The Fallacy of Fama-French

Originally published in the Brandywine Asset Management Monthly Report.

In 1992 Eugene Fama and Kenneth French published a paper titled “The Cross-Section of Expected Stock Returns.” In that paper they introduced what has since become known as the “Fama-French three-factor model.” What they showed was that stock prices were driven not solely by a mystical “risk premium,” but that, in addition to beta, there were other factors that explained the movement of stock prices. In particular, the additional two “factors” they identified in their paper were that small capitalization and high value stocks outperformed other stocks. Over the years other academics expanded on the three-factor model by discovering that factors such as momentum and liquidity also affected equity prices.

The most shocking part of these discoveries was that they were considered “discoveries” at all. People have been using momentum to profitably trade markets for decades. Brandywine is aware of this first-hand. In the early 1980s Brandywine’s founder, Michael Dever, set up a fund to be traded by Richard Donchian, who first used momentum strategies in a fund he launched in 1949. (Mr. Donchian became known as the “father of trend following.”) And of course everyone knows about value investing, not the least because of Warren Buffett’s success in following the concepts first presented in 1934 by Benjamin Graham and David Dodd in their book Security Analysis.

In 1991, a year prior to the publication of the Fama-French three-factor model, Brandywine launched our Brandywine Benchmark program, which incorporated more than two-dozen return drivers (a return driver is the underlying condition that drives the price of a market, similar to a “factor”). These included some of the return drivers later discovered by academics, such as momentum and value. But rather than publish a paper and consider that to be the epitome of our research, Brandywine understood these were just two out of potentially hundreds of return drivers that could be exploited to profit from market movements. So Brandywine didn’t stop there. We not only developed numerous trading strategies based on additional distinct return drivers, but we also applied them to a diverse range of relevant global financial and commodity markets, not just stocks. As described in previous monthly reports, this approach has multiple benefits, including returns that are unrelated to those provided by “conventional” investments such as stocks and bonds (i), lower event risk (ii), and a greater likelihood that future returns will approximate past returns (iii).

Unfortunately for individual investors, however, the mutual fund industry has seized on the academic research, using it to provide cover for the creation of numerous mutual funds designed to capture specific factors.

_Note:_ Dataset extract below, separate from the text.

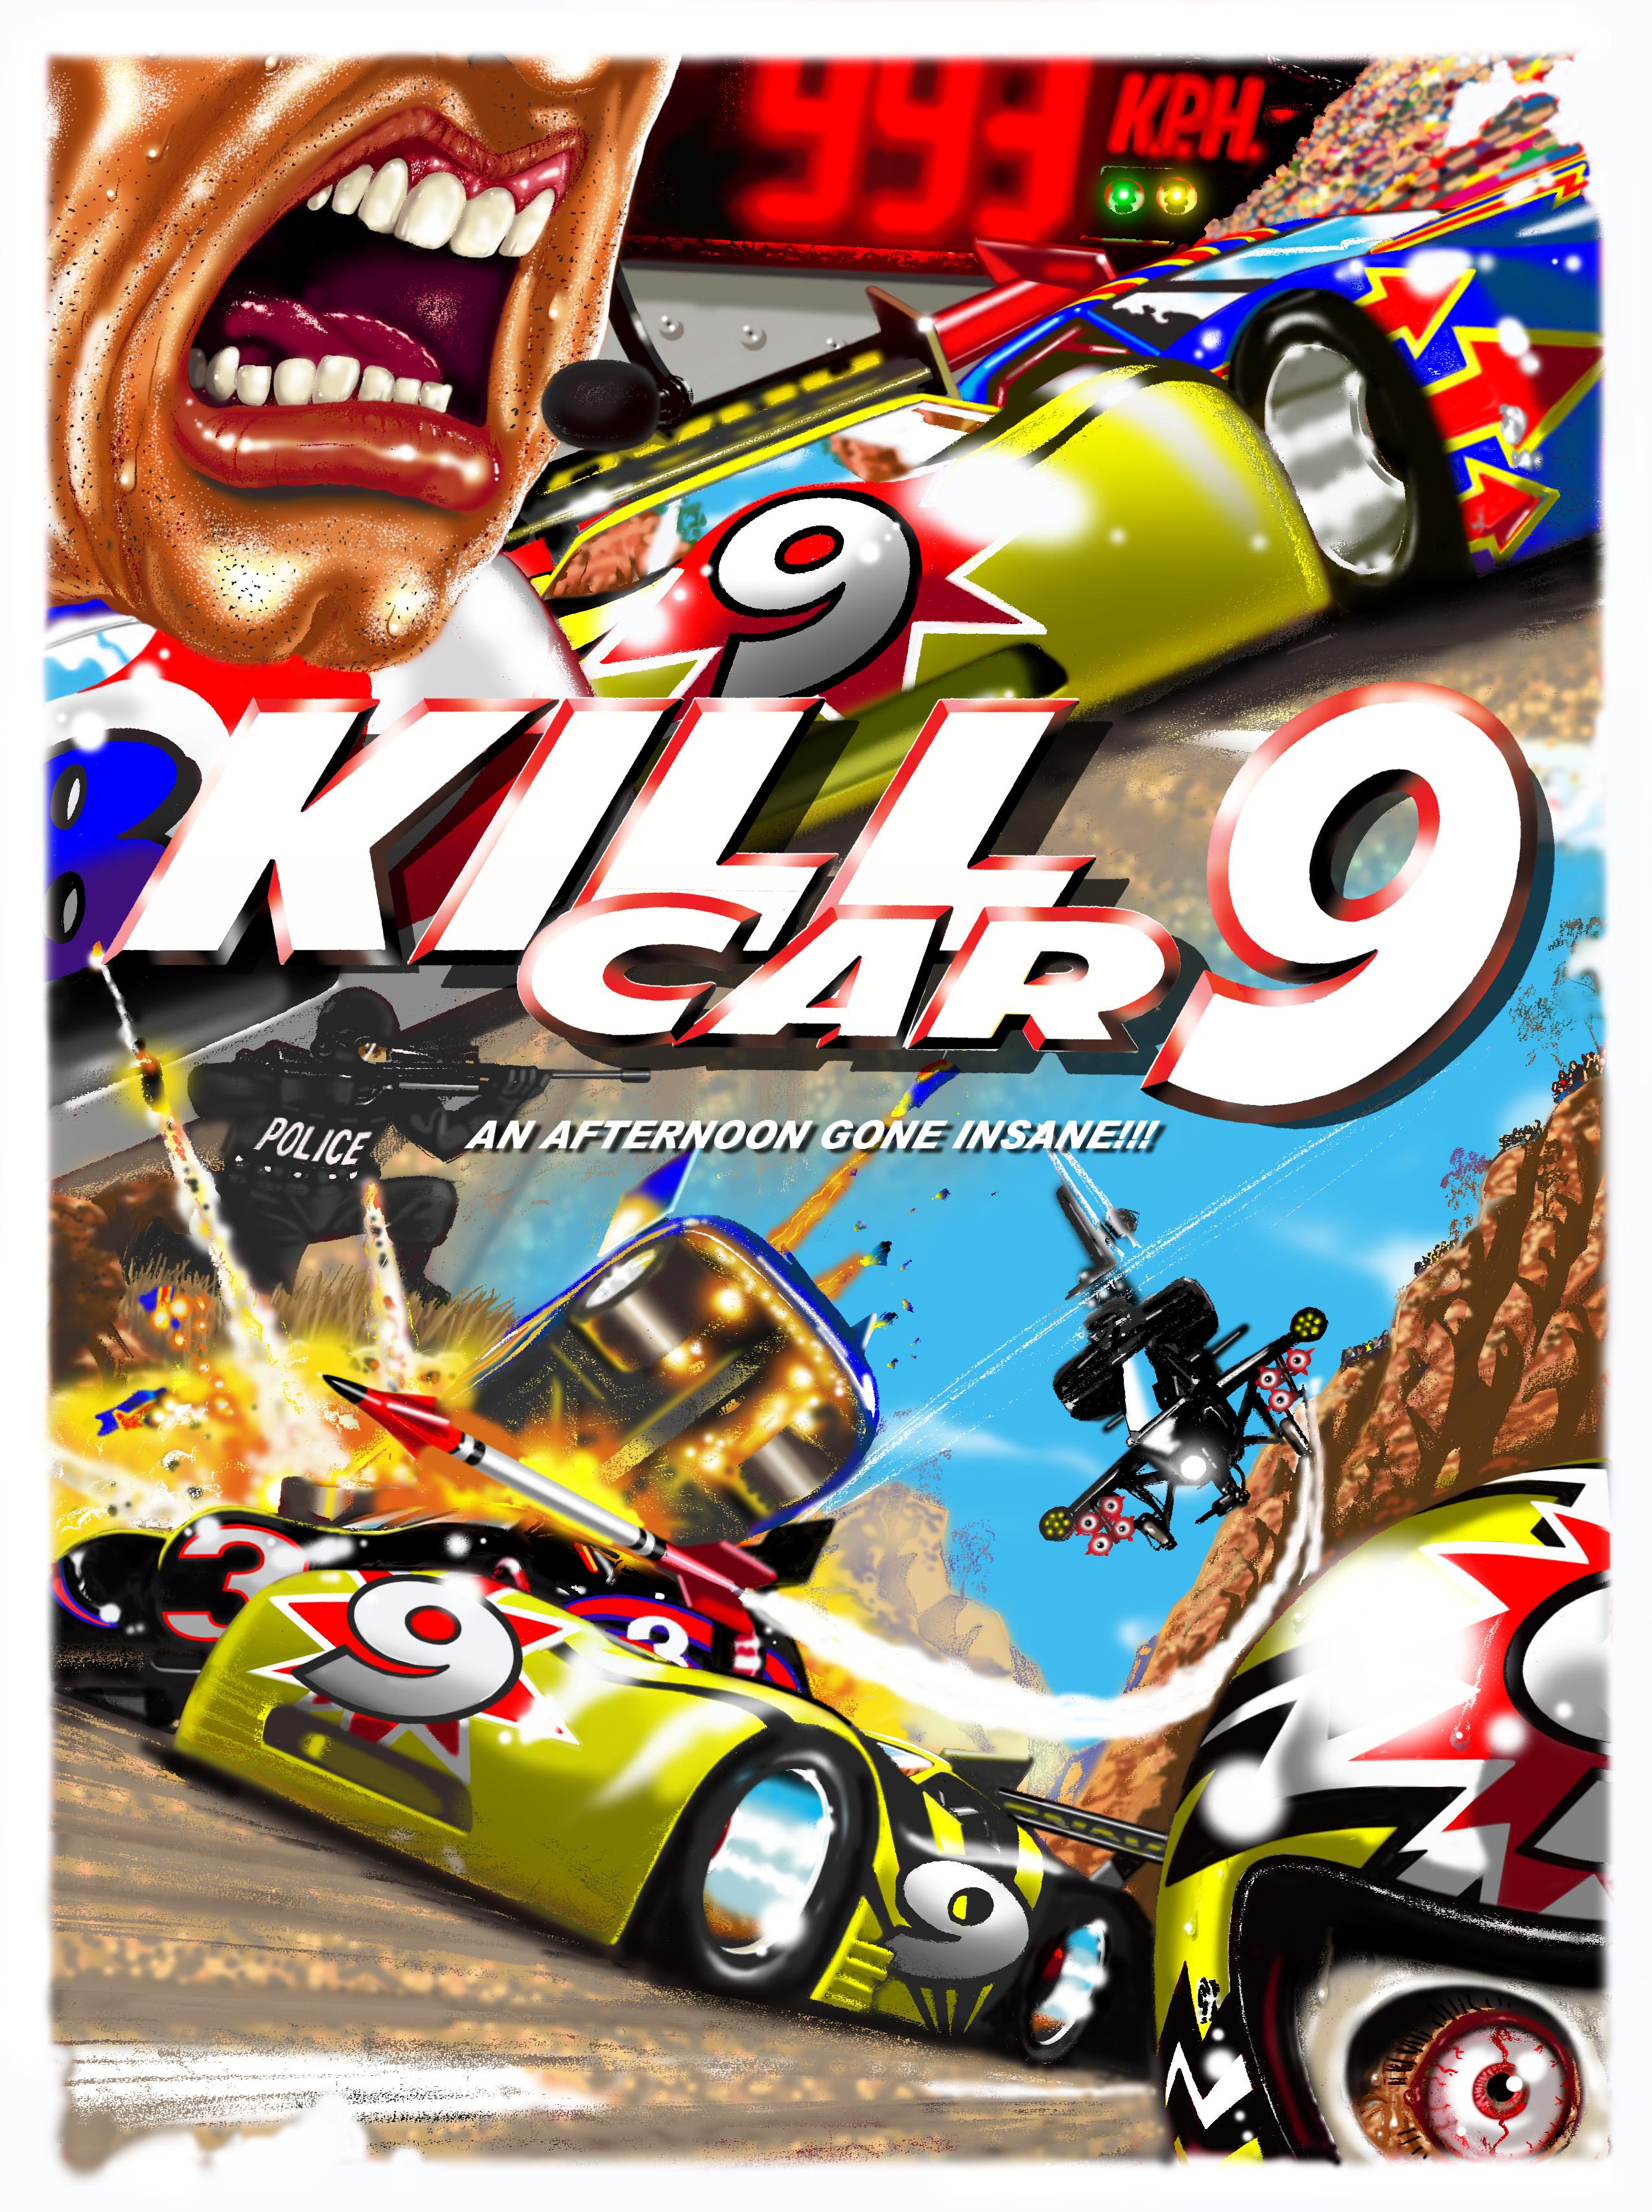 KC9 Poster Concept 2017

You can now put money into “smart beta” funds that pick stocks by value, size, momentum, liquidity, dividend history, earnings surprises, insider activity, sales growth, and a myriad of other specific factors. In an industry focused on selling the most recent “hot” fund, this serves the mutual fund companies well. But pumping out trivial “discoveries” in the form of alternative mutual funds and ETFs is a major disservice to investors.

Return Drivers & Performance Predictability
If there is one major takeaway from Brandywine’s research and trading over the past 35 years, it is that no single return driver (factor) such as these will provide either consistent or predictable returns. We don’t know of any legitimate trading strategy that will not have extended periods of significant drawdowns (relative to its prospective return). We realize people show performance of specific approaches that appear to be consistent and predictable, but at some point they will suffer multi-year losing spells. We also realize that people have back-tests of trading strategies that show consistent performance, but we can also assure you that they manufactured those results by sacrificing the future predictability of returns for that trading strategy.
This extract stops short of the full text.